#### [TASK TO COMPLETE]
Your task is to copy the lines from the line containing "Benetton, Warm Sweatshirt" through the end of the listing below, both included, without any pictures.

#### [RECORDED INFORMATION]
Segment Open

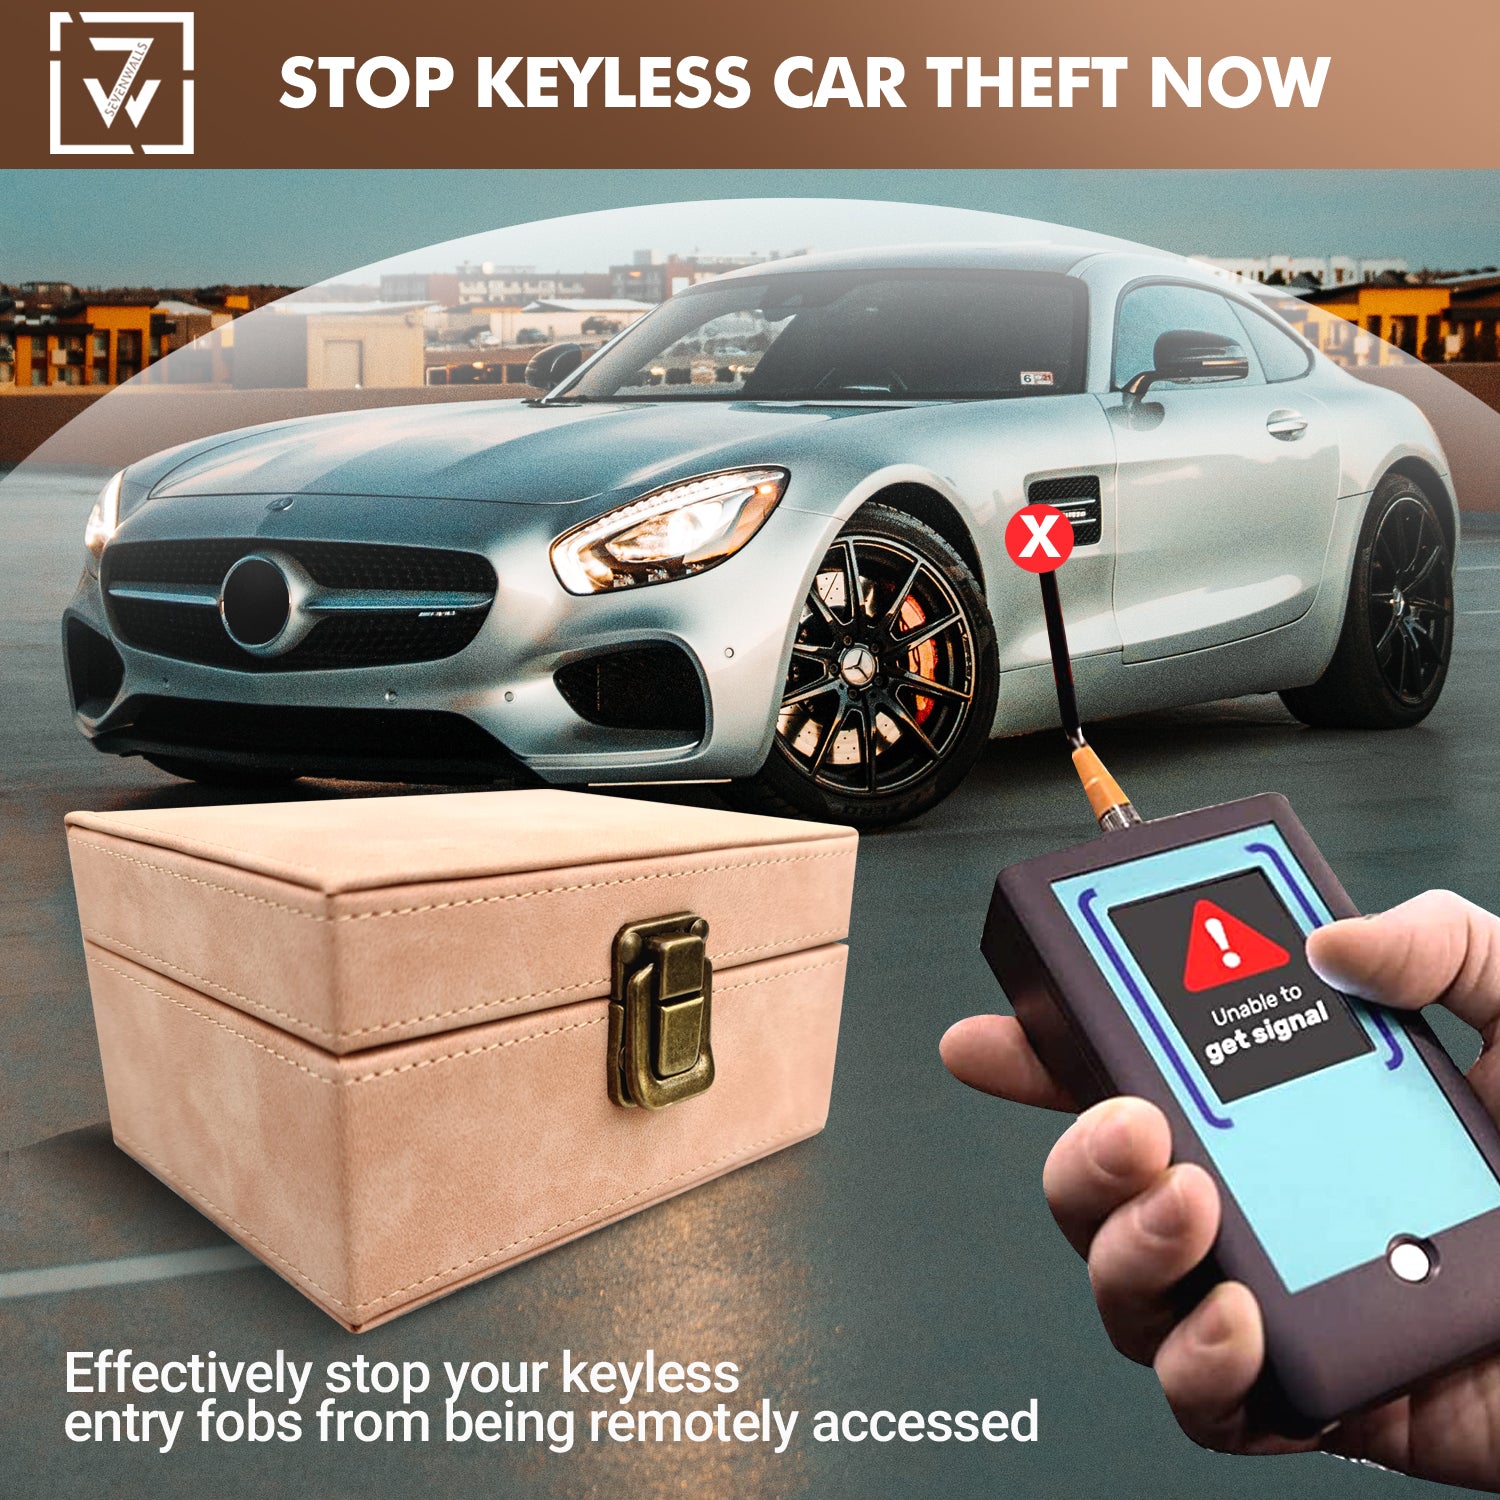 Car Key Security Faraday Box - Defend Against Digital Car Theft
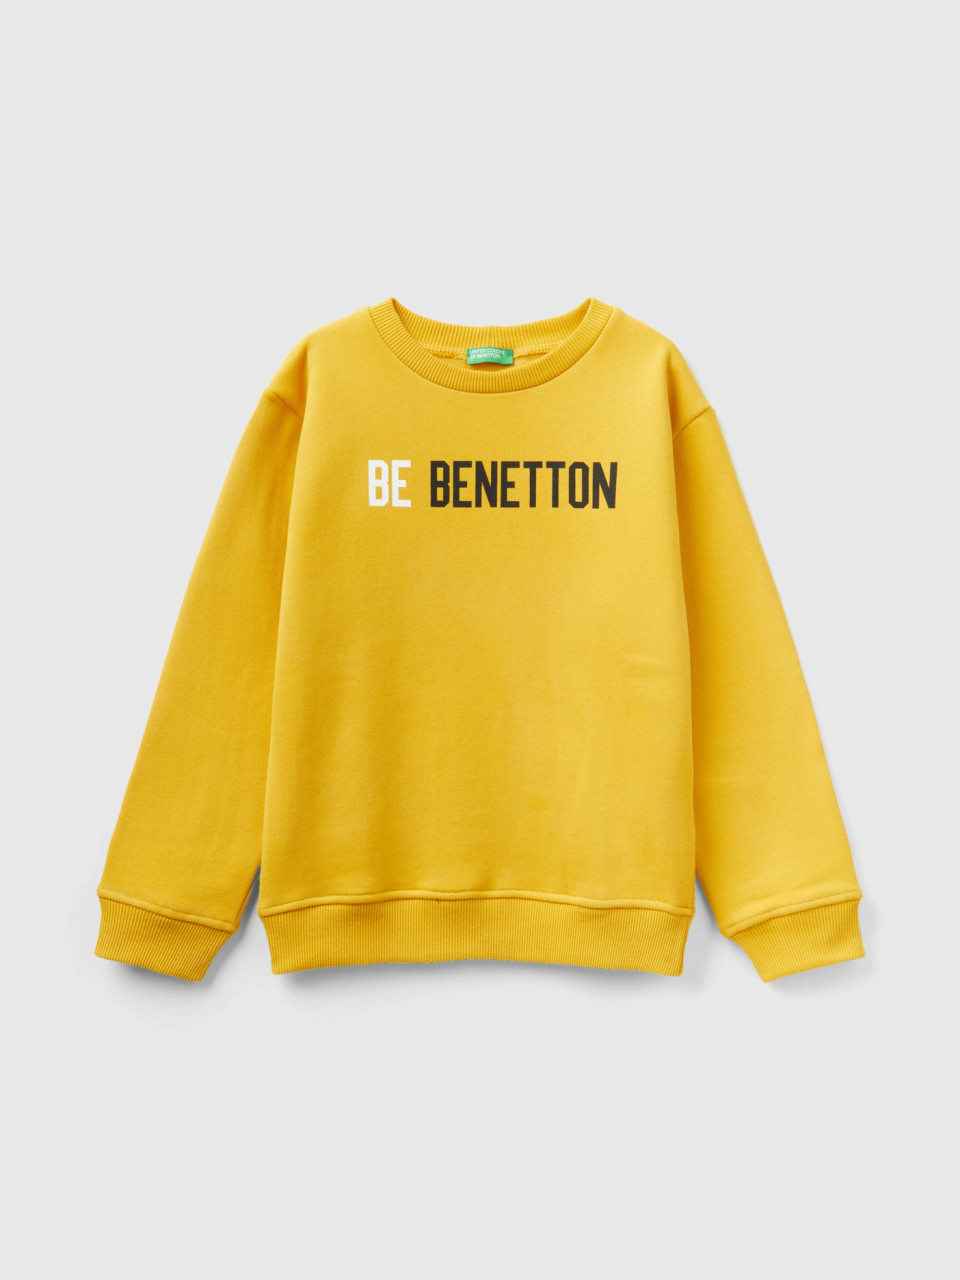 Benetton, Warm Sweatshirt With Logo, Yellow, Kids
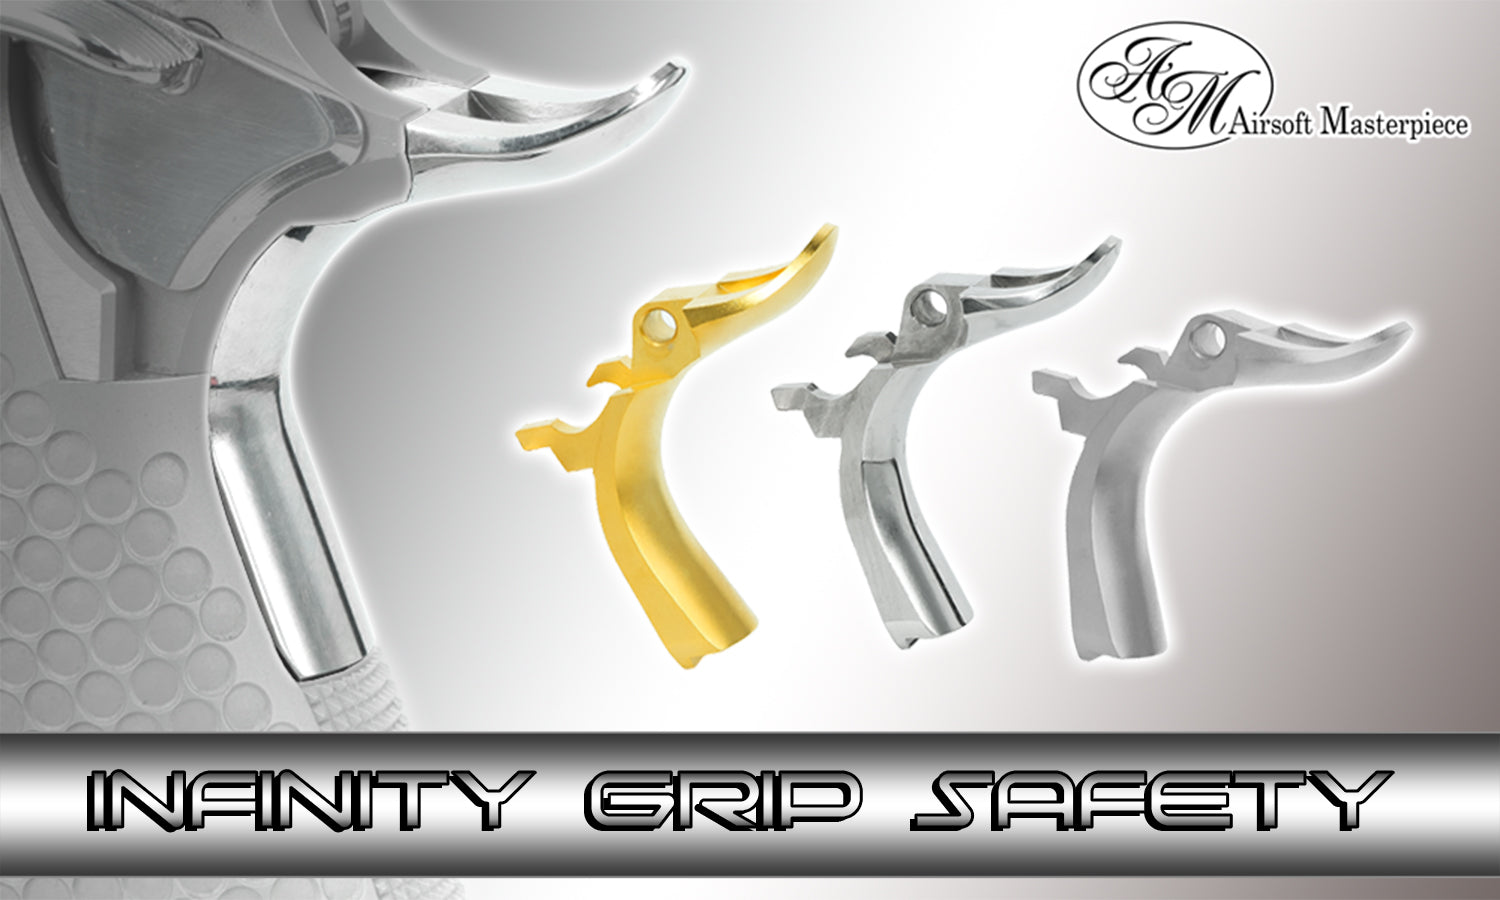 Airsoft Masterpiece Steel Grip Safety - INFINITY Signature (Matt Sliver)

Segment Closed

#### [ANSWER TO THE EXERCISE]
 Benetton, Warm Sweatshirt With Logo, Yellow, Kids
 Airsoft Masterpiece Steel Grip Safety - INFINITY Signature (Matt Sliver)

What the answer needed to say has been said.